Information supplied:
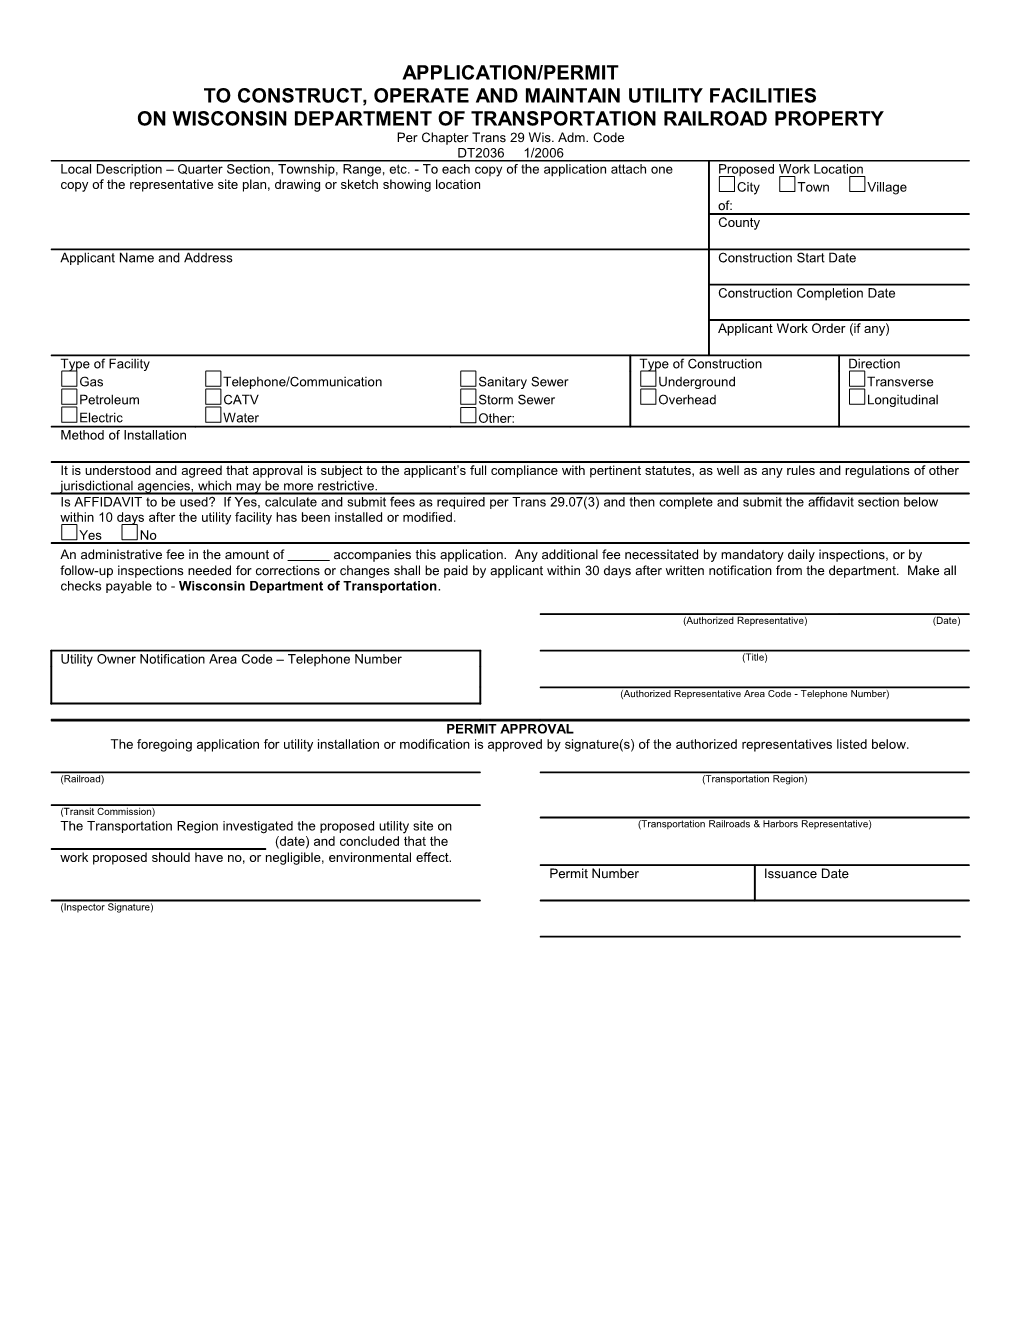 DT2036 Application/Permit to Construct, Operate and Maintain Utility Facilities on WDOT
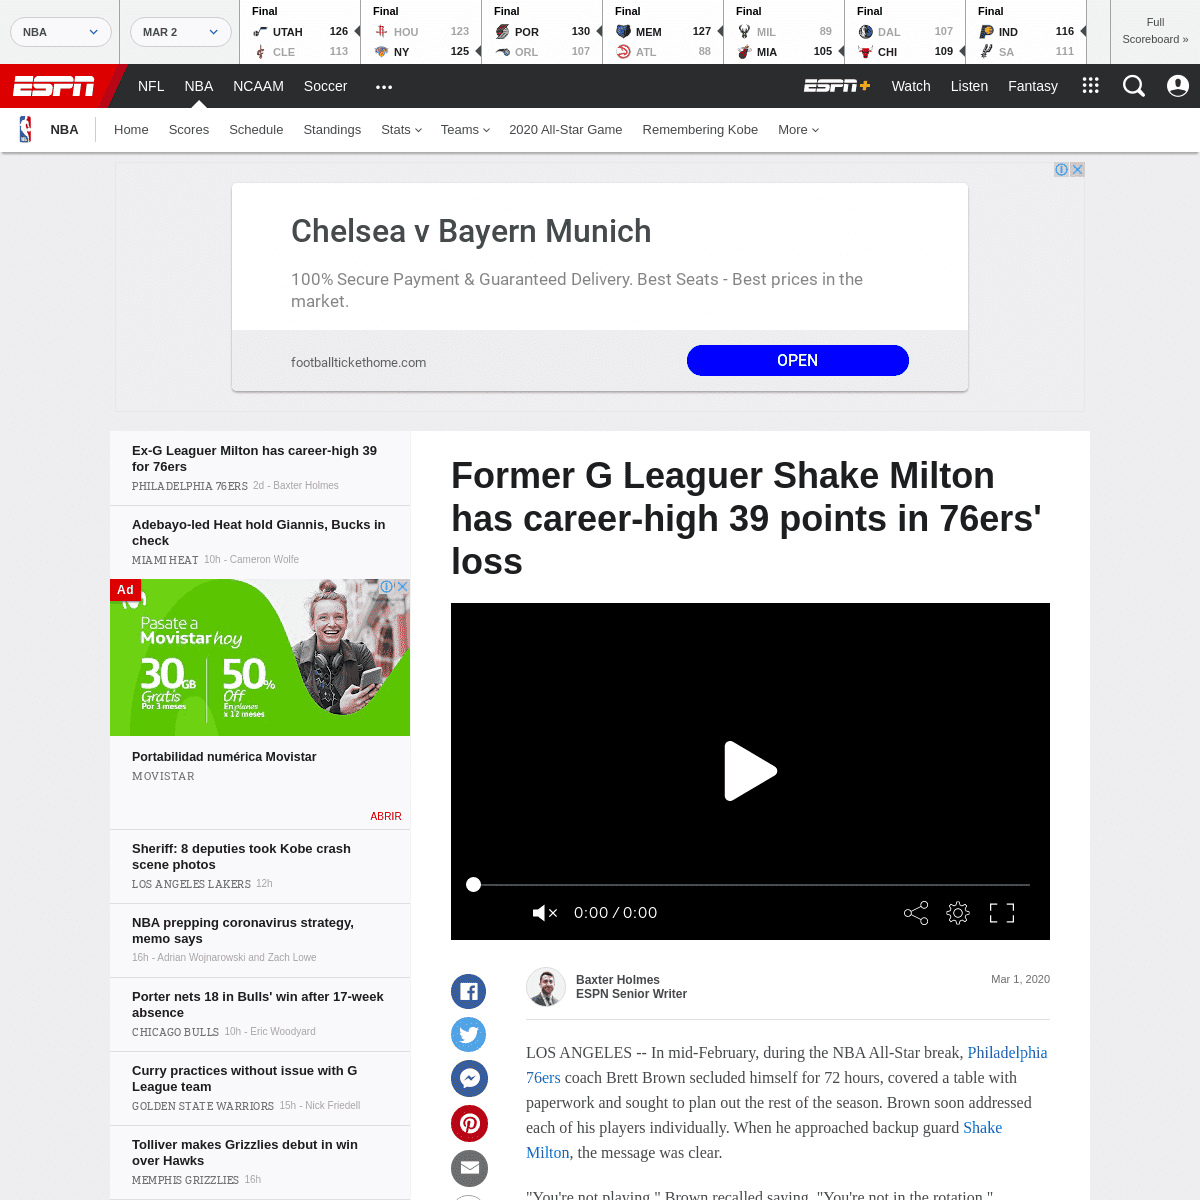 A complete backup of www.espn.com/nba/story/_/id/28817241/former-g-leaguer-shake-milton-career-high-39-points-76ers-loss
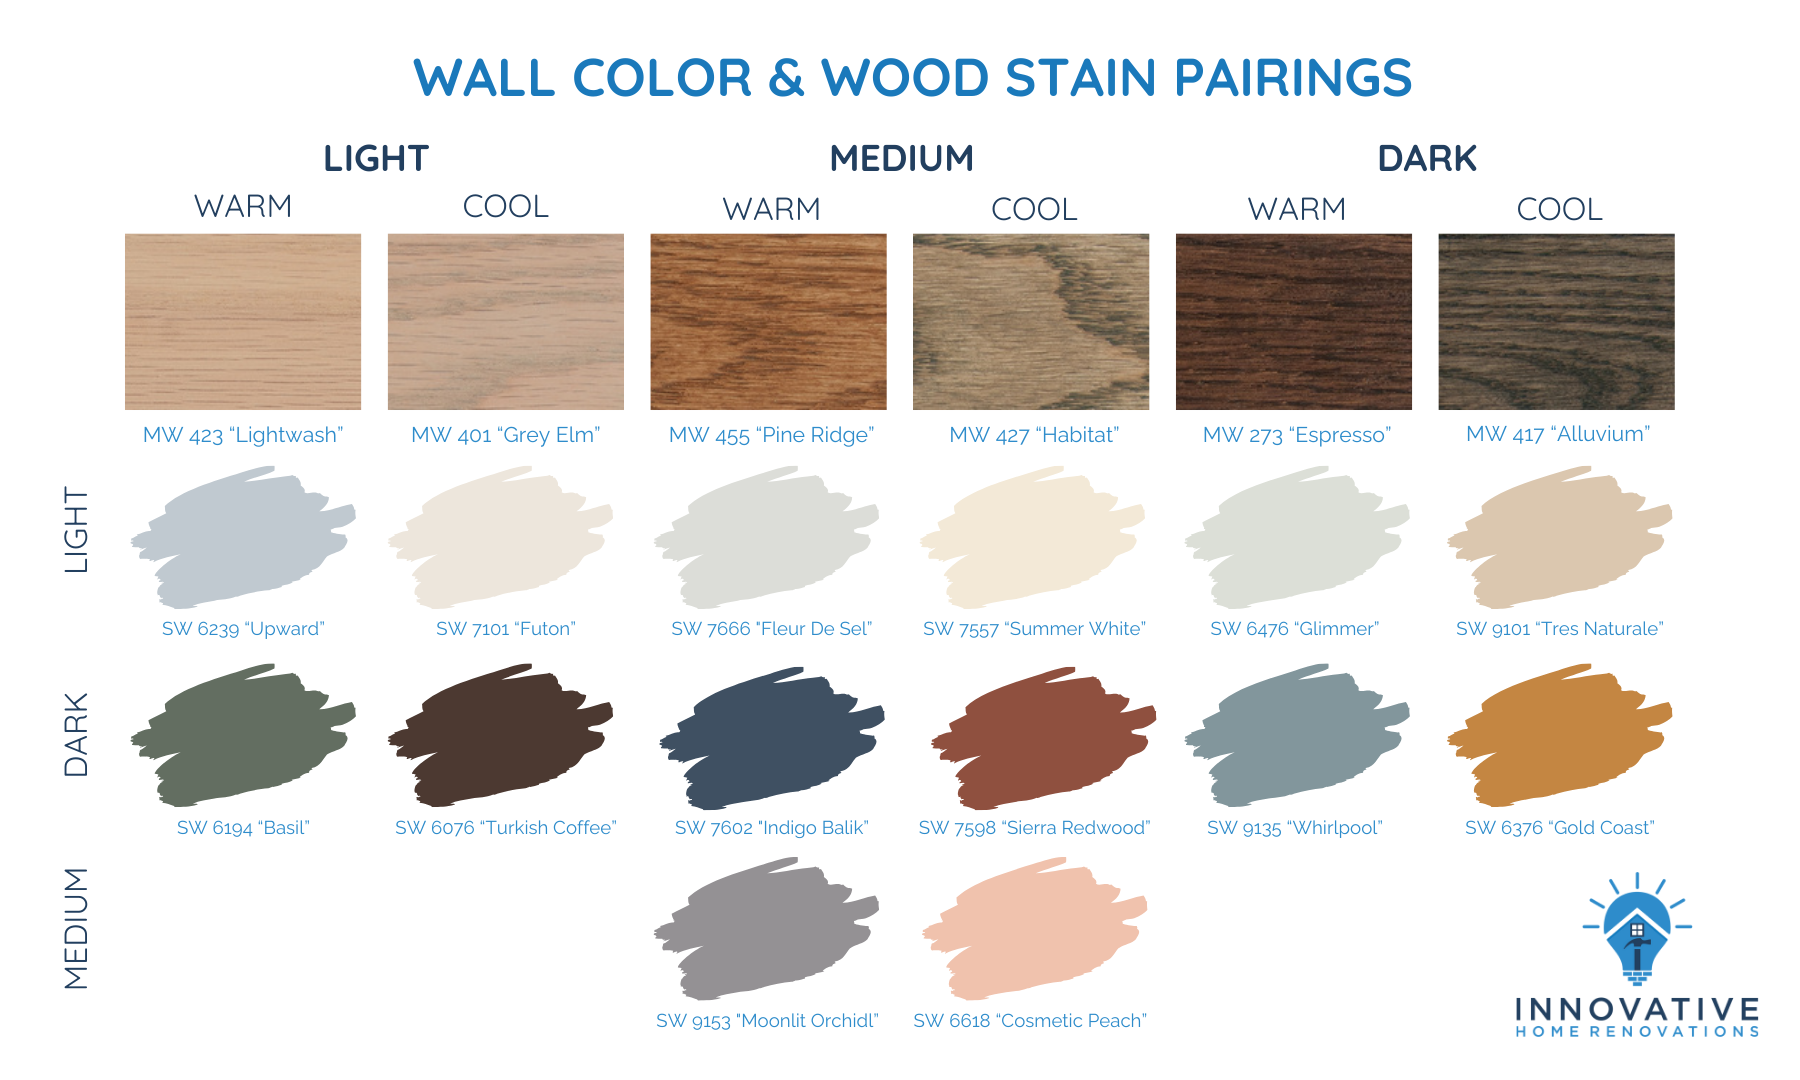 Top colors for Warm, light wood
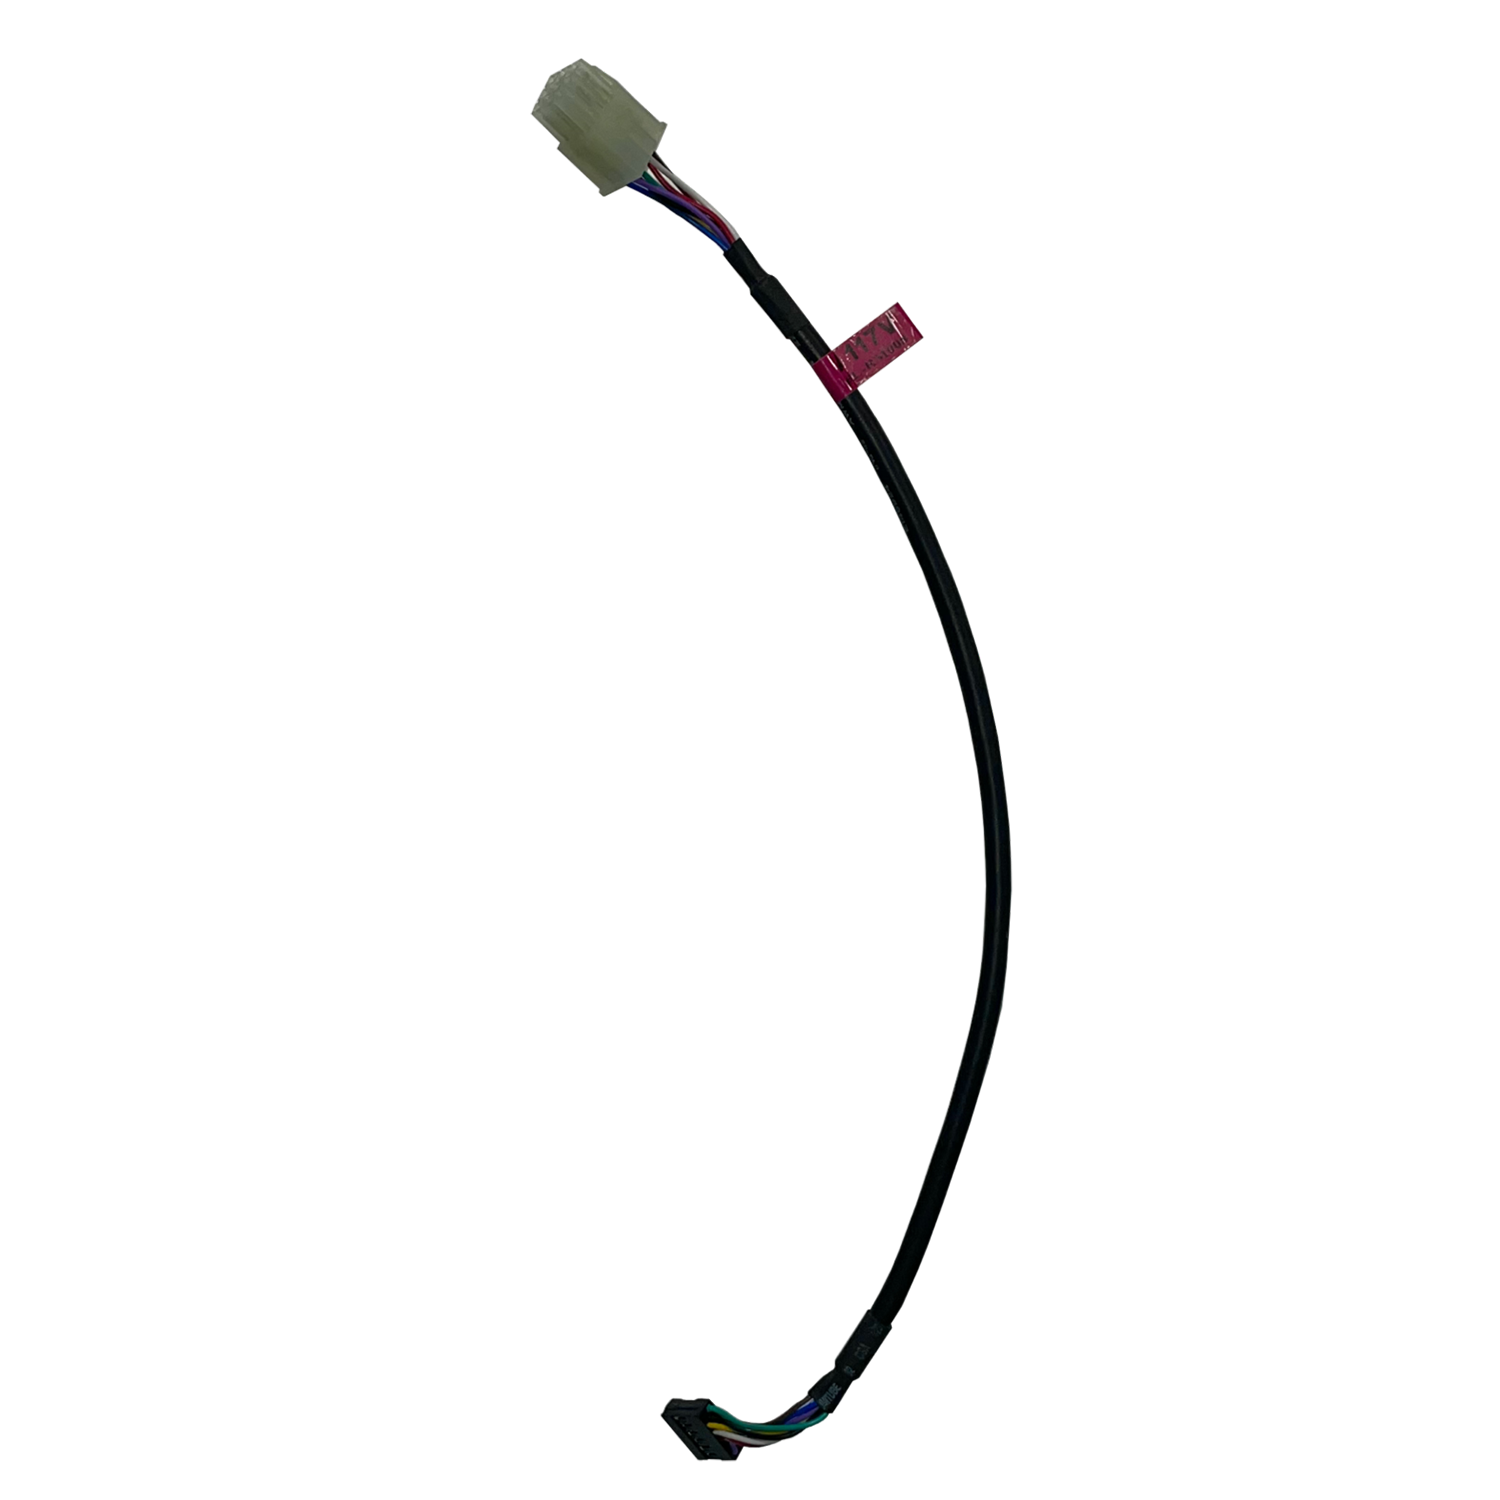 These power cables connect to the 9-pin connector of your harness and convert that power to a connector in which comes standard on all our MEI and ICT bill acceptors.

Required action:
Print exactly, and only, the lines from the line containing "A complete backup" to the last line of the material above, with every picture left out.

Output of the exercise:
 A complete backup of www.espn.com/nba/story/_/id/28817241/former-g-leaguer-shake-milton-career-high-39-points-76ers-loss
 Top colors for Warm, light wood
 These power cables connect to the 9-pin connector of your harness and convert that power to a connector in which comes standard on all our MEI and ICT bill acceptors.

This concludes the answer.